一般的に「赤ちゃん言葉」といわれる、「みかん」を「みたん」、「せんせい」を「てんてい」などと発音してしまうような状態。主に幼児期に生じる異常で、誤って身につけてしまったクセや運動機能の未熟さなどから、独特の「音のひずみ」ができてしまいます。
構音障害の治療
構音障害の治療は、医師・歯科医師・言語聴覚士などの専門家が担当することが一般的です。治療法としては、下記の3つに大別されます。
発音補助装置
外傷や手術などで位置がずれた下顎の位置を戻す・発声する際に上顎と舌をくっつきやすくする・鼻漏れを防ぐなど、構音障害をお持ちの方の個々の状態に合わせた装置を装着して、発音の改善を狙う治療法です。
外科的治療
唇・舌・軟口蓋・下顎など、発音に影響を与えている器官の形態を、手術によって発音しやすい状態に整える方法です。医師や歯科医師が執刀します。
構音訓練
上記の治療の後に行われるもので、舌や唇といった発音に関連する器官の運動能力を向上させるための訓練です。言語聴覚士が指導にあたり、正しい発音ができるようにリハビリを行います。
構音障害の方が働きやすい職場環境とは?
構音障害をお持ちの方が就職・転職する場合、どんな環境だと仕事をしやすいのでしょうか。事前にチェックしておきたいポイントをご紹介します。
1. 障害に対する理解や合理的配慮がある
まず、構音障害の特性を理解し、状態に合わせた配慮を行ってくれる企業がよいでしょう。過去に構音障害や聴覚障害など、同様の障害をお持ちの方の採用実績があると、理解度も深いと考えられます。
なお、配慮においては周りの方が過度の負担を負うのではなく、構音障害の方がサポートが必要なときに遠慮なく申し出られるような人間関係ができていることも重要です。
2. 障害の状態に応じたサポートツールが利用できる
物理的なサポート環境もチェックしましょう。
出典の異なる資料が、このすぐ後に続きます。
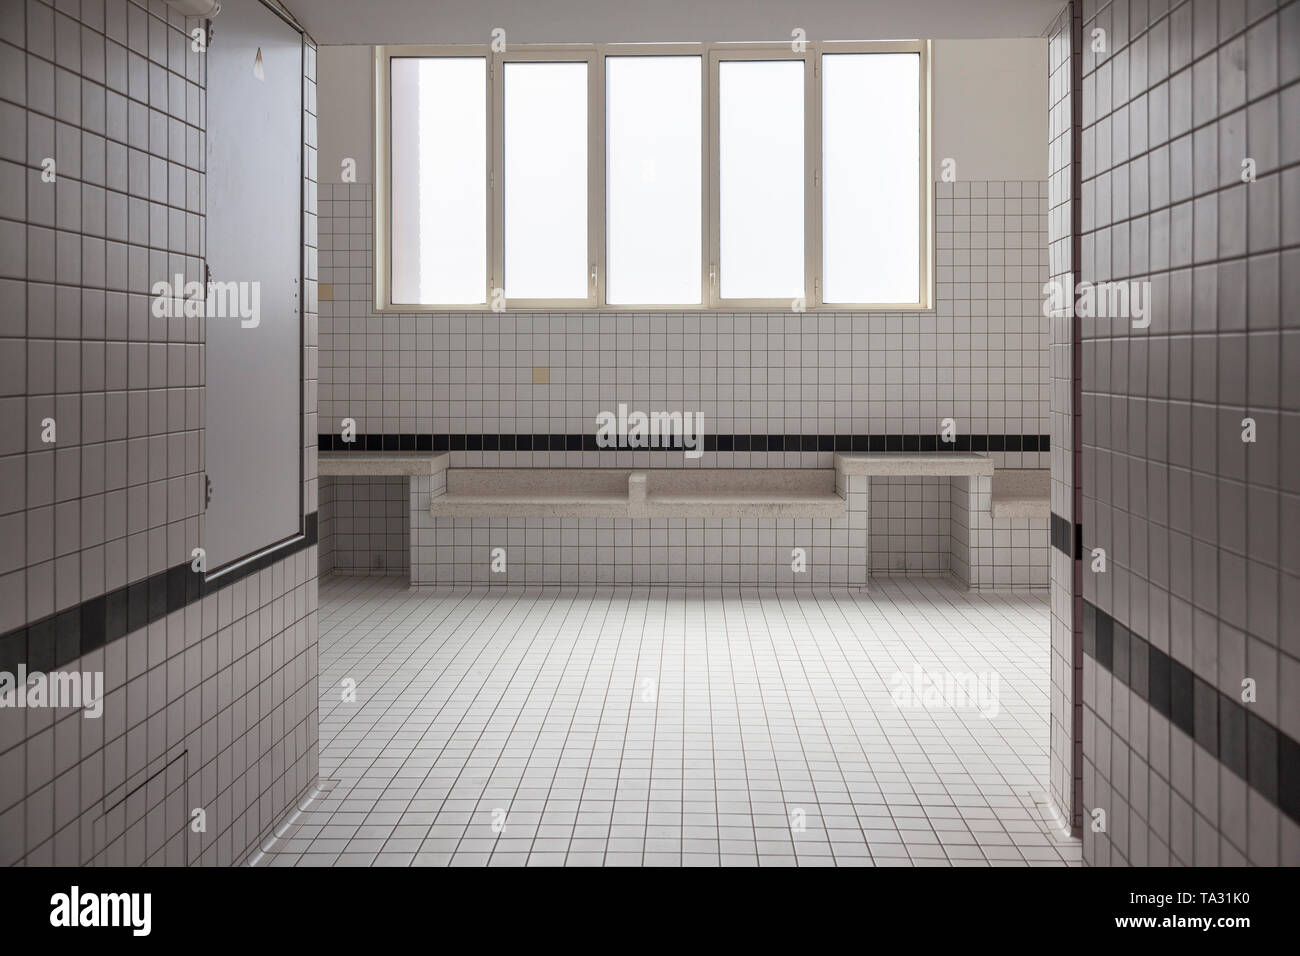 Vestuarios con duchas públicas baldosas blancas paredes y ventanas  Fotografía de stock - Alamy
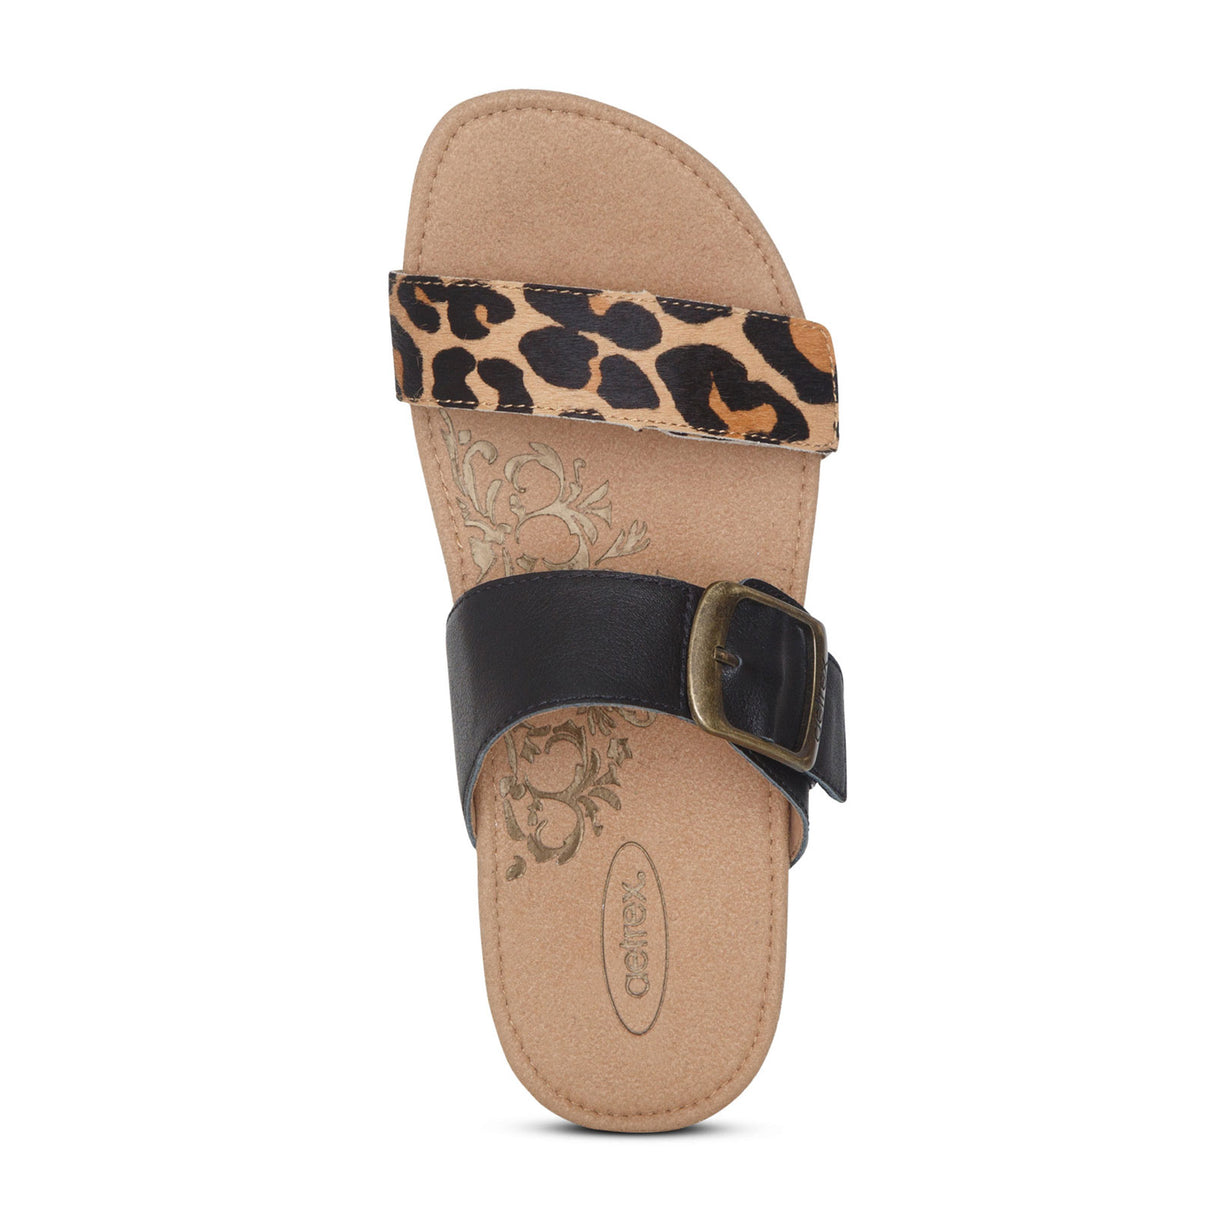 Aetrex Daisy Slide Sandal (Women) - Leopard Leather Sandals - Slide - The Heel Shoe Fitters

文字起こしができるソフトや音声入力アプリ、メールやチャットにて業務上のコミュニケーションが完結するなど、社内で円滑なコミュニケーションが図れるようなツールを使える環境だと仕事がしやすいです。
また、自分の意思を伝えるのに手話を使いたい方の場合は、職場に手話が理解できる同僚や上司がいると心強いのではないでしょうか。
構音障害の方に向いている仕事
つづいて、前章の内容もふまえつつ、構音障害をお持ちの方でも働きやすい職種にはどんなものがあるのかを見ていきましょう。
データ入力・事務
PCへの入力や書類作成、伝票への記入など、データ入力や事務系の仕事は構音障害の方でも就きやすい職種です。あまり人と会話をせずに進められるというメリットがあります。
ITエンジニア
IT系に強い方は、SE(システムエンジニア)やプログラマーなどのITエンジニアを目指してみてはいかがでしょうか。PCを用いてシステムを設計する仕事で、デスクワークがメインになるので構音障害をお持ちの方でも取り組みやすいです。
ご経験のある業務
中途で構音障害を負い、これまでと全く同じ業務ができなくなった場合でも、同じ職種で今のお体でできる範囲の仕事を任せてもらえるケースもあります。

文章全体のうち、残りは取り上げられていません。